Sunday, November 12, 2006

Private Sector Websites and the ADA

Mark Leeds sent me the following message:


Private sector websites can be public accommodations under Title III of the Americans with Disabilities Act (ADA) -- and thus required to be accessible to people with disabilities -- regardless of whether such sites are associated with a "bricks and mortar" facility. This is the finding of a report just issued by the Association of the Bar of the City of New York (City Bar), available at http://www.nycbar.org/pdf/report/Website_Accessibility.pdf
While governmental services and programs available on the Internet clearly are required to be accessible under Title II of the ADA, some courts and commentators have taken divergent views concerning private sector sites. In a painstaking analysis of the language of Title III and of regulations written pursuant to Title III, as well as of evidence in the ADA's legislative history and of fundamental rules of legislative interpretation, the City Bar demonstrates how the law requires private sector websites to be accessible. Citing statutory and regulatory language, the report points out that the ADA's list of categories of public accommodations is not a list of "places" and that a "place" can be the website itself. The report points to the standards long accepted for the public sector as those to be followed by the private sector as well.

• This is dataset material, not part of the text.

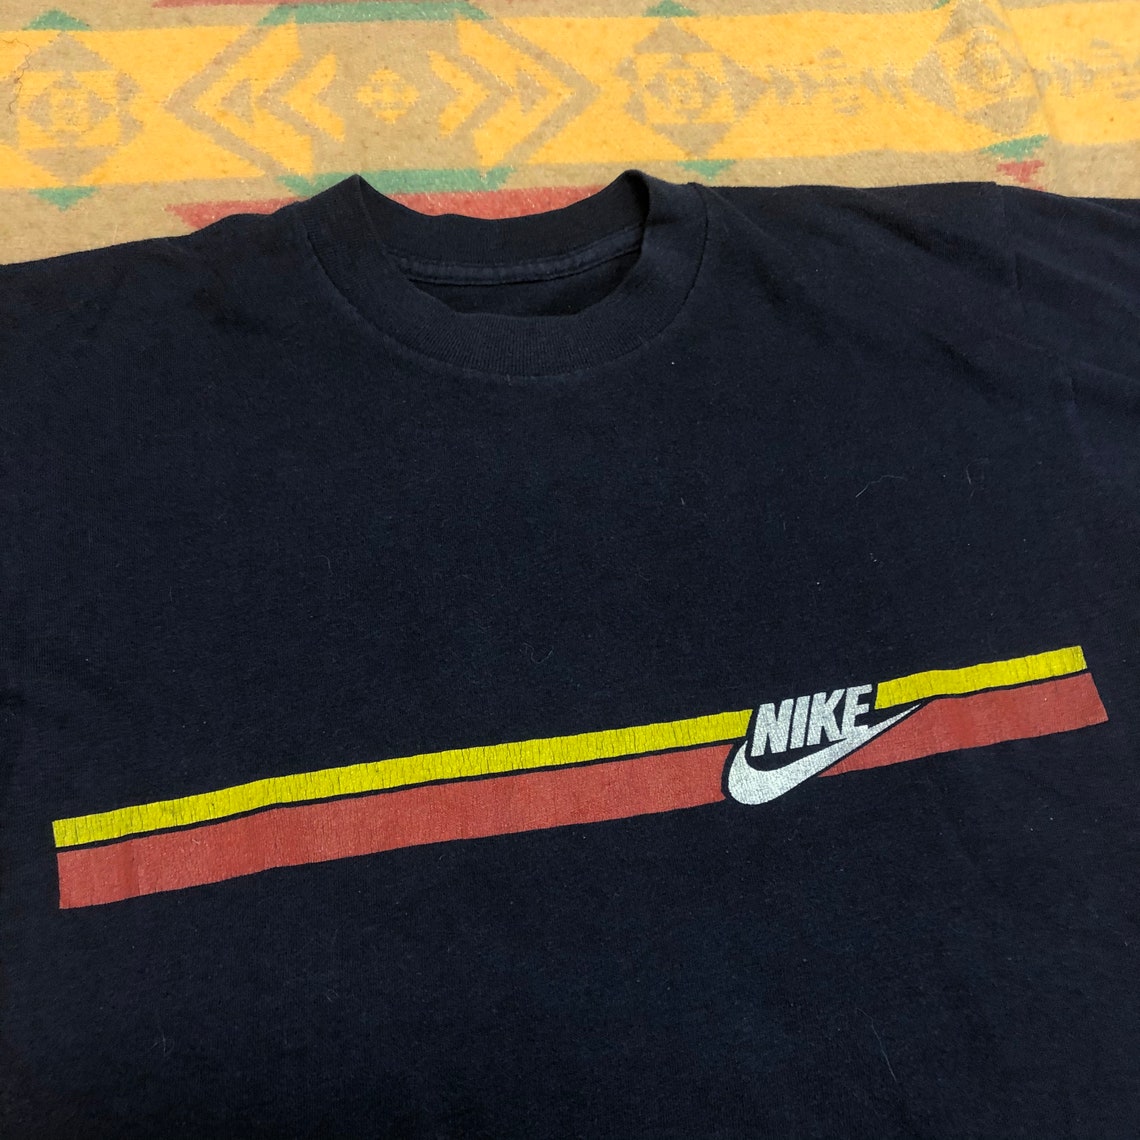 1970s Nike stripe logo navy blue t shirt vintage | Etsy

It is hoped this report will bring clarity to an area in which misquotation and misapplication of statutory and regulatory language have led to confusion among some courts and commentators. Website accessibility is not difficult to achieve and is in the interests of all concerned, including those putting website onto the Internet.

Access to the Internet for people with disabilities is is vital to our integration into the mainstream of society not only in the United States. Like the Internet itself, the issue is global. It will be the focus of this year's United Nations International Day of Disabled Persons http://www.un.org/esa/socdev/enable/iddp2006.htm

Please read and disseminate the City Bar's report:
http://www.nycbar.org/pdf/report/Website_Accessibility.pdf
This is an awfully important issue, and the City Bar's report certainly deserves careful consideration. My sense has always been that it's much easier to justify reading ADA Title III to cover the websites of brick-and-mortar goods and services providers than to cover the websites of businesses that sell exclusively over the internet.